Upon arriving at Edgar's hotel, he is instead greeted by Mildred, Edgar's mother. Mildred reveals that Edgar is a fraudster, who was psychologically damaged after becoming addicted to benzedrine during his time serving as a soldier in the Second World War. Thomas finds this difficult to believe despite Mildred explaining how Edgar's erratic behaviour not only ruined his promising film career but also drove his family from him. Thomas resolves to remain close with Edgar but, when attempting to visit him one day, is confronted by the stupor Edgar has fallen into while withdrawing from the drug.

Thomas plucks up the courage to talk more with Joan, and he mentions to her he was tasked with returning a car to Mildred near London - a job which would take at least a day.

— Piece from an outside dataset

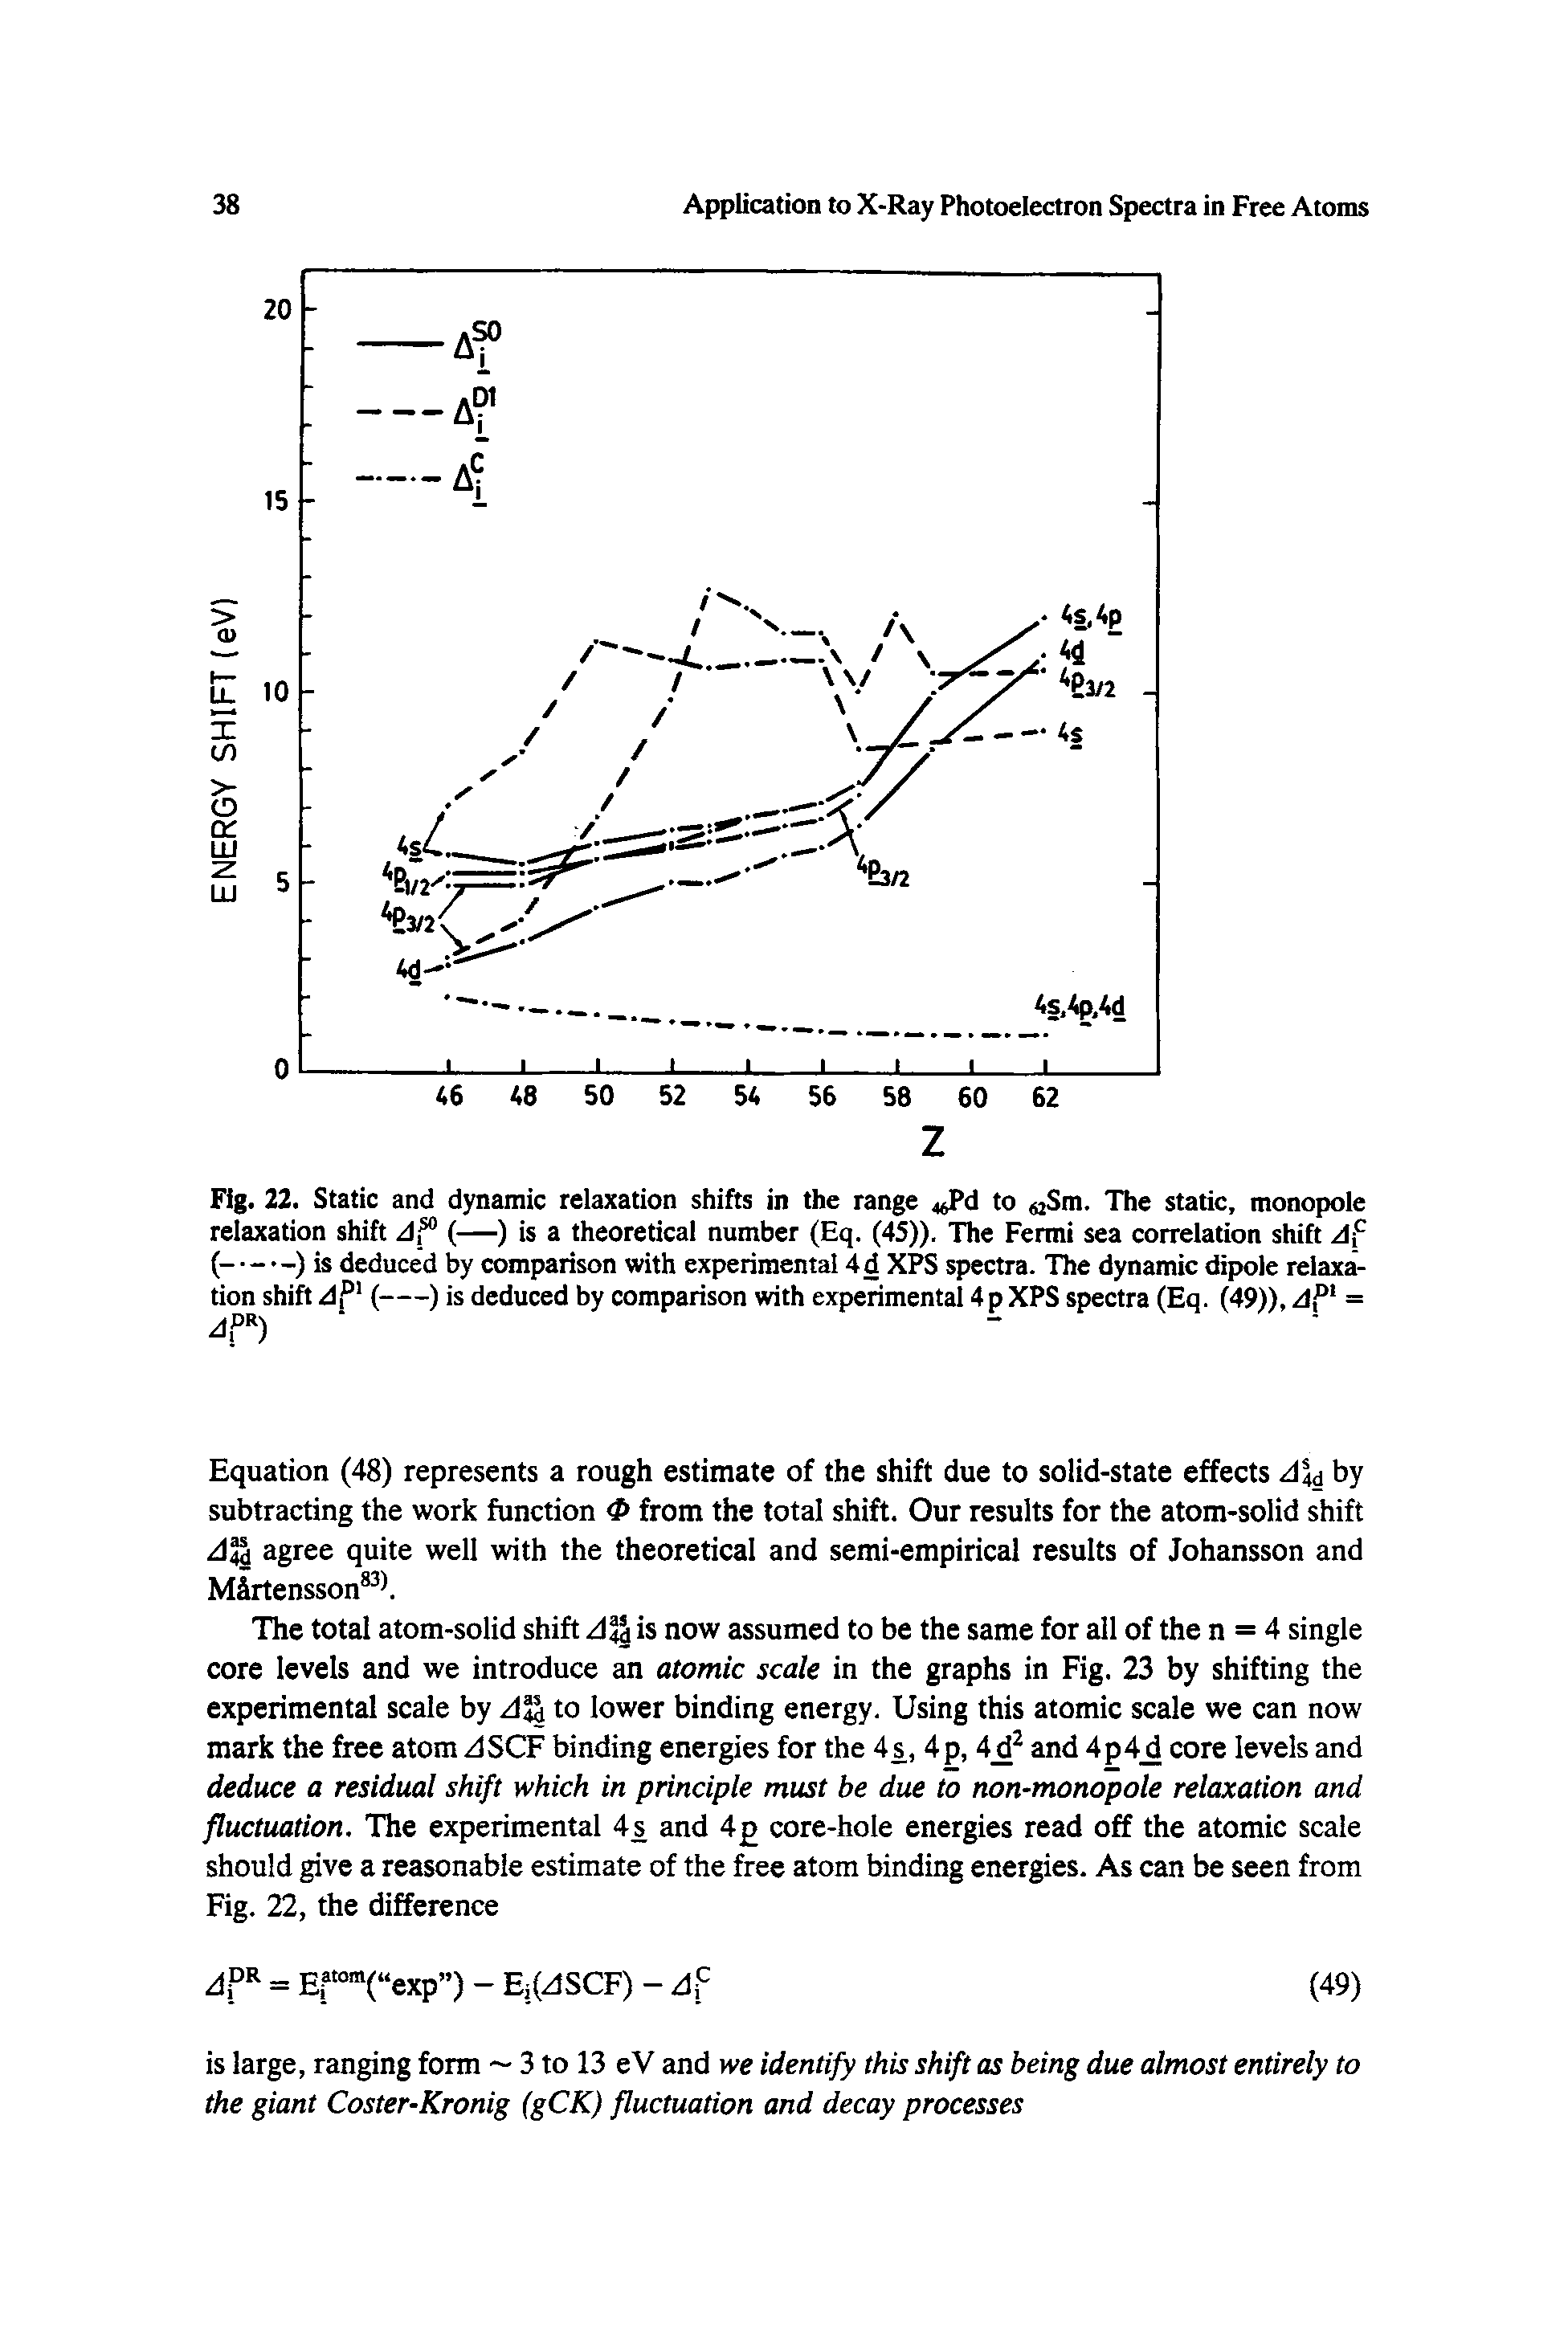 Fig. 22. Static and dynamic relaxation shifts in the range < Pd to Sm. The static, monopole relaxation shift df° (—) is a theoretical number (Eq. (45)). The Fermi sea correlation shift A (-----) is deduced by comparison with experimental 4d XPS spectra. The dynamic dipole relaxation shift J,P1 (-) is deduced by comparison with experimental 4p XPS spectra (Eq. (49)), Afl =...

Joan asks to come with him, and that she would like to hear one of his folk songs. The novel ends with Thomas preparing to perform for Joan a song which his father sang in the vision while he was drowning in the sink pit, called 'Seascraper'.

==Reception==
Jude Cook, writing for The Guardian, stated that Wood's ability to transform "the prosaic details of everyday life" into evocative prose made his writing a pleasure, despite dialogue which occasionally "veers close to folksy."

Christopher Shrimpton's review for The Times Literary Supplement was less positive, criticising the "slightly silly dream sequence" where Thomas writes a song with his estranged father. Shrimpton described the latter parts of the book, when Thomas meets Edgar, as veering towards "emphatic" and "mawkish," in contrast to the novel's richly atmospheric opening.

Johanna Thomas-Corr, writing for The Sunday Times, called the work "a fiercely atmospheric novel that engages the senses." She also commended Wood for his previous novels, calling them "unique and specific" stories centred on "working-class loners who are fascinated by human creativity but get dragged down by treachery, madness or something from their past."

Leah Greenblatt, writing for the New York Times, described Seascraper as a "small but mighty coming-of-age story" in which the author "conjures the briny, locked-in atmosphere of his setting so completely that one half-expects the pages to be stiff with sea salt and a crustaceous whiff of the catch of the day."

In September 2025 Seascraper was chosen by The Economist for its list of 'The best recent novels to read this autumn'.

It was shortlisted for the 2026 Walter Scott Prize for Historical Fiction.